VANCOUVER -- New data shows rental rates across the country are falling, but Vancouver continues to buck the trend.

According to the Rentals.ca June 2020 Rent Report, the average rent across all units in May was $1,814 country-wide. That's down 1.4 per cent from April, and down 5.4 per cent from 2019. 

"It's really trended downward on a national basis," says Ben Myers, with Bullpen Research and Consulting Inc., which analyzed the data. 

Toronto still has the highest rates in the country, with one bedrooms going for $2,103. But that's down one per cent over April of this year and more than six per cent lower than last year. 

Vancouver sits in second place, with one bedrooms going for $2,022, on average. Despite the national downward trend, that's up 6.8 per cent over last month and 7.2 per cent over last year.
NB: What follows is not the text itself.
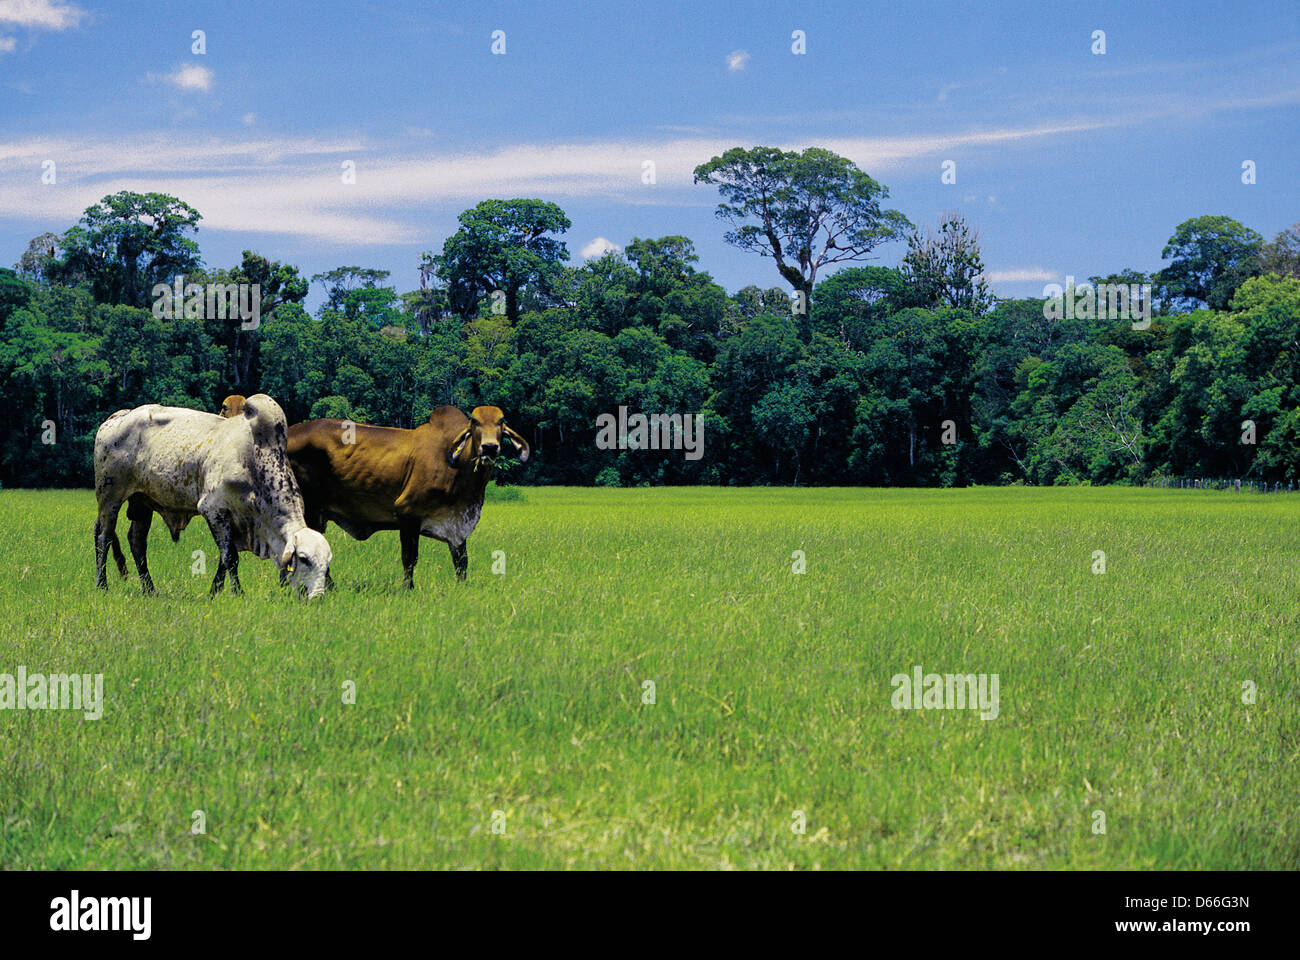 La déforestation de l'élevage du bétail dans la forêt tropicale de l'Atlantique, au Brésil. Développement économique entraînant la dégradation de l'environnement. Banque D'Images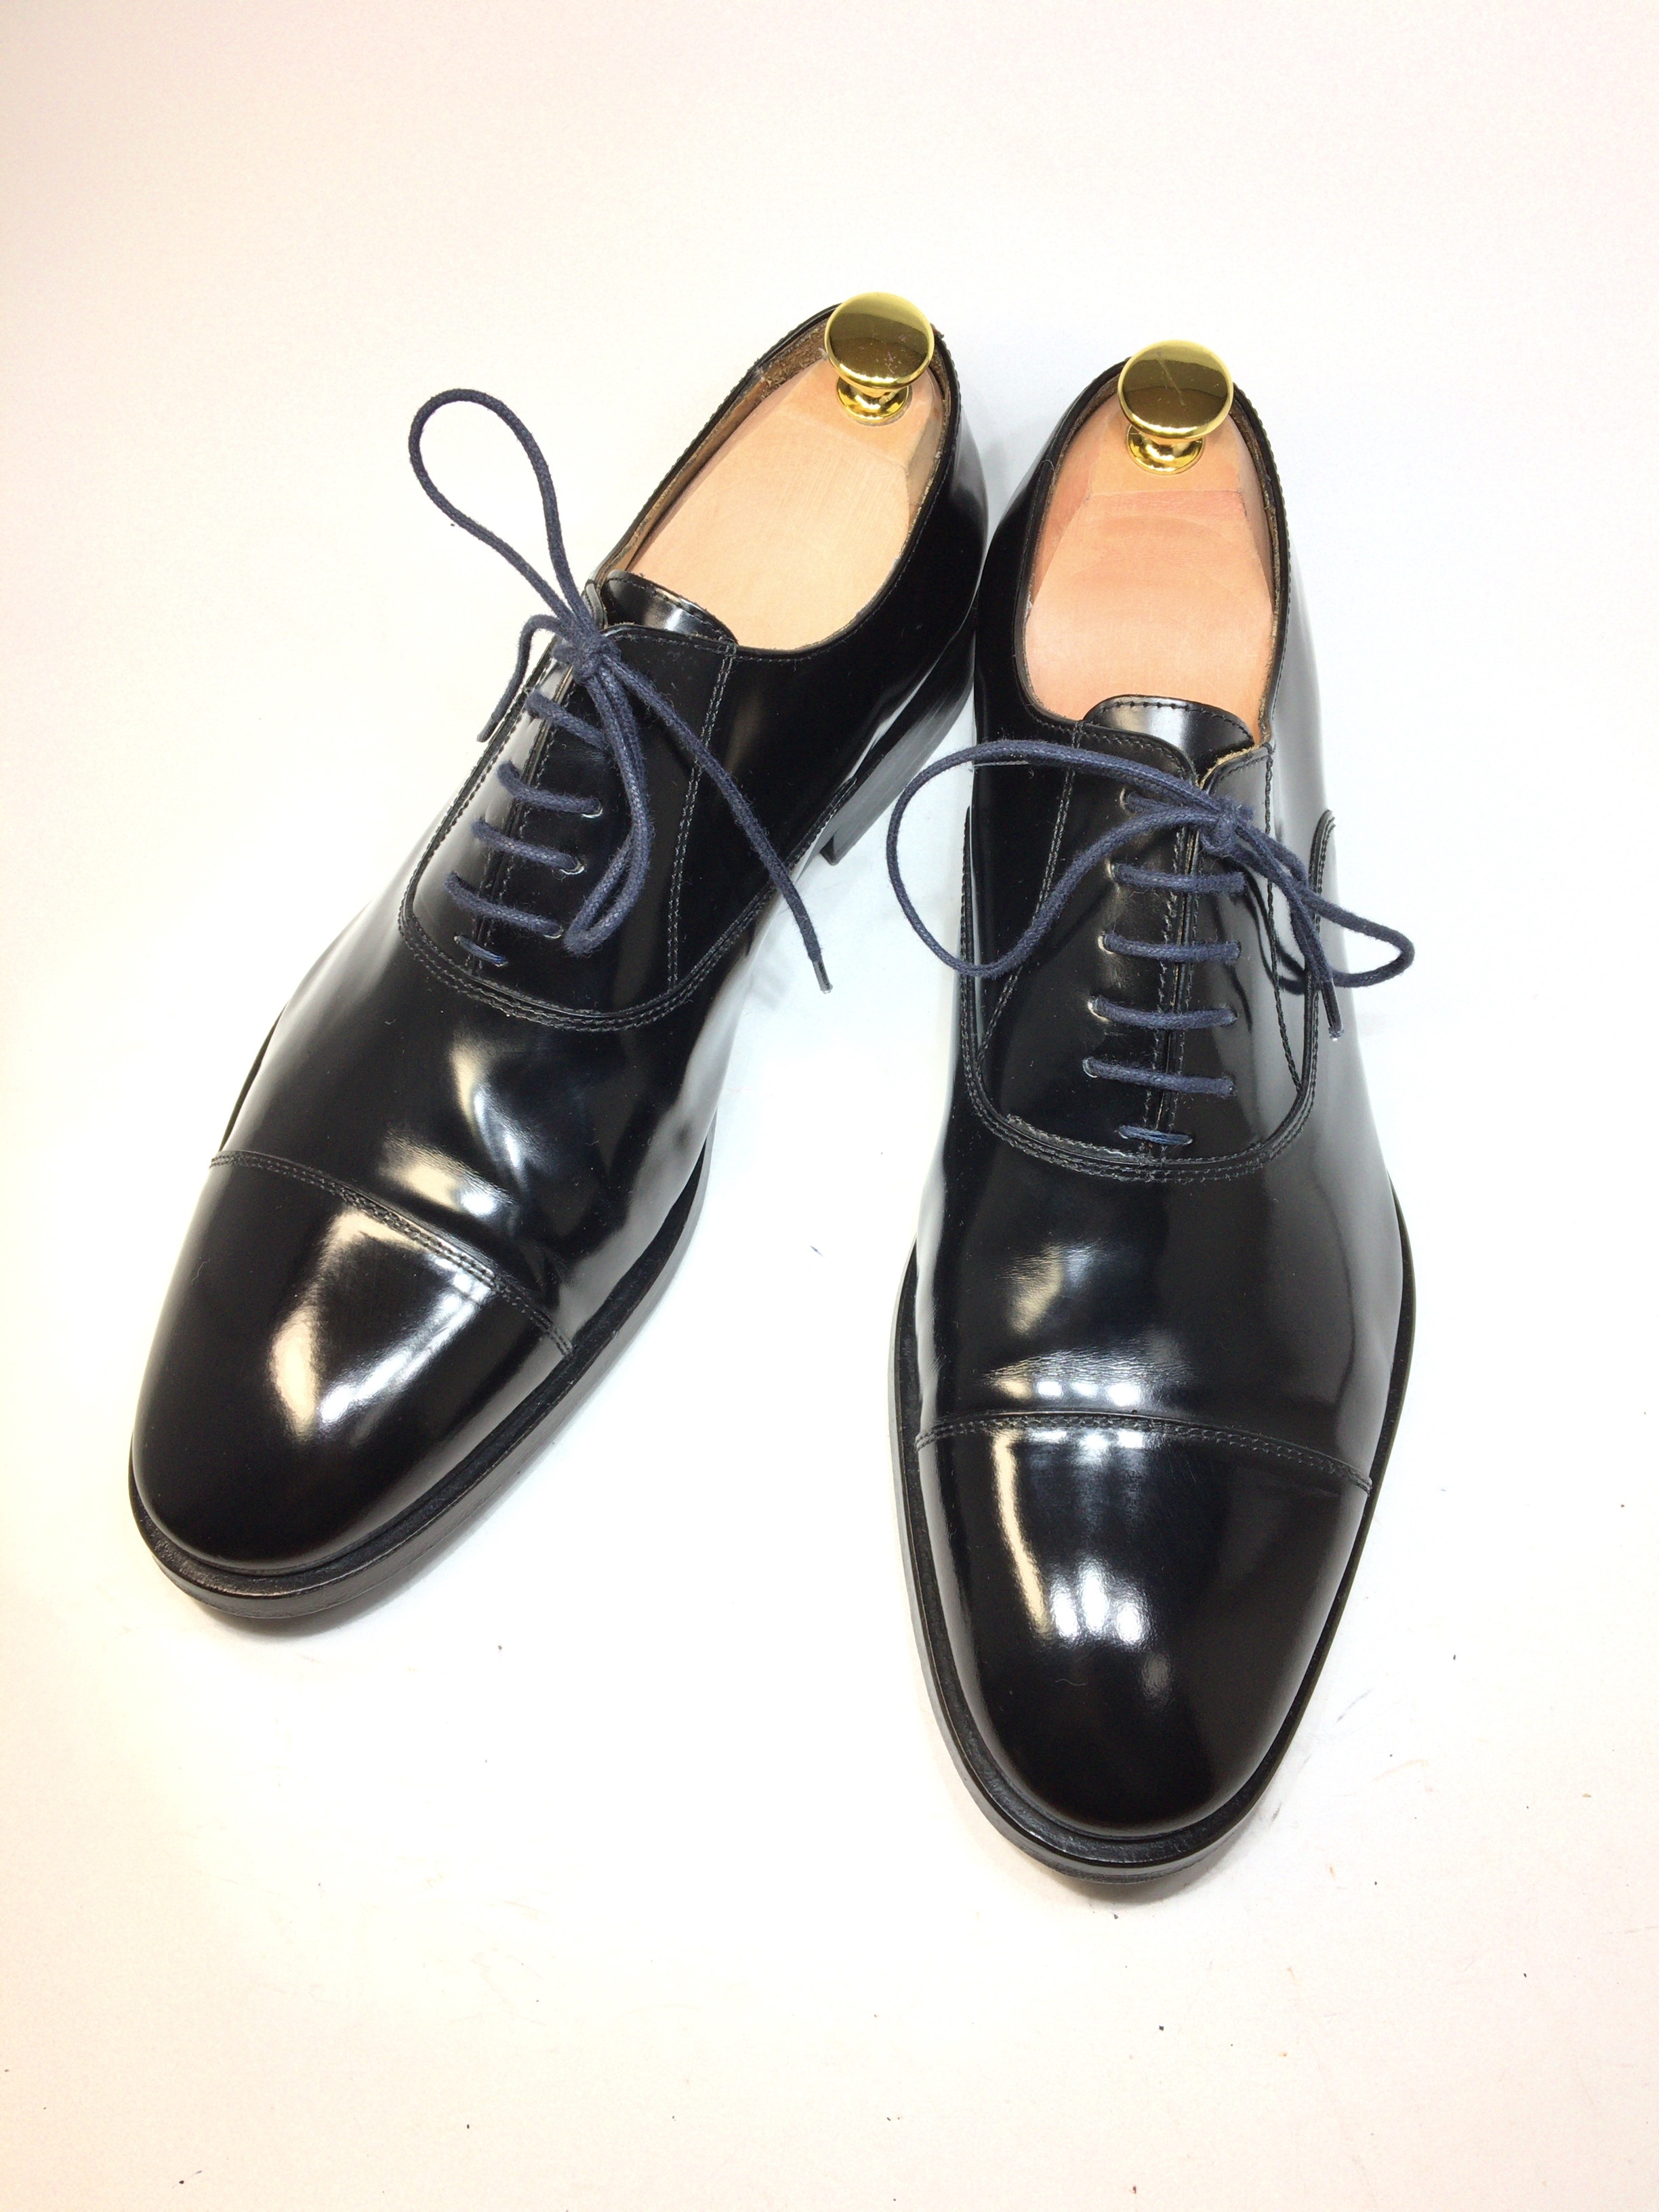 ポールスミス Paulsmith ストレートチップ 26 5センチ 中古靴 革靴 ブーツ通販専門店 Dafsmart ダフスマート Online Shop

However, according to competing stats from PadMapper, rents did go down in Vancouver the month before, in April. PadMapper's data shows the cost Vancouver one bedrooms down 2.3 per cent that month, and down 1.4 per cent over the previous year.  

The rest of Rentals.ca's 10 most expensive cities are all areas around Toronto – including Richmond Hill, Etobicoke, Markham and Mississauga. 

The report says the pandemic "continues to put downward pressure on the market nationally," and rents are down 7.2 per cent from the market peak in September of 2019. 

"The turnover rate in Canada, and especially in Vancouver and Toronto, has gone close to the lowest rates it's ever been," Myers adds, at 10 to 12 per cent. 

That doesn't mean there aren't deals to be had. Some landlords are offering one month's rent free and other incentives, but rents generally aren't being reduced. 

"They'd rather give an incentive up front as opposed to lowering the rent and then have that rent carry on for three, four, five, six years with only the minimal increases under the tenant act," Myers says. 

Under the B.C. Residential Tenancy Act, landlords can only raise the rent by 2.6 per cent this year. If they were to lower rent significantly, it could take them quite a while to return to previous rates.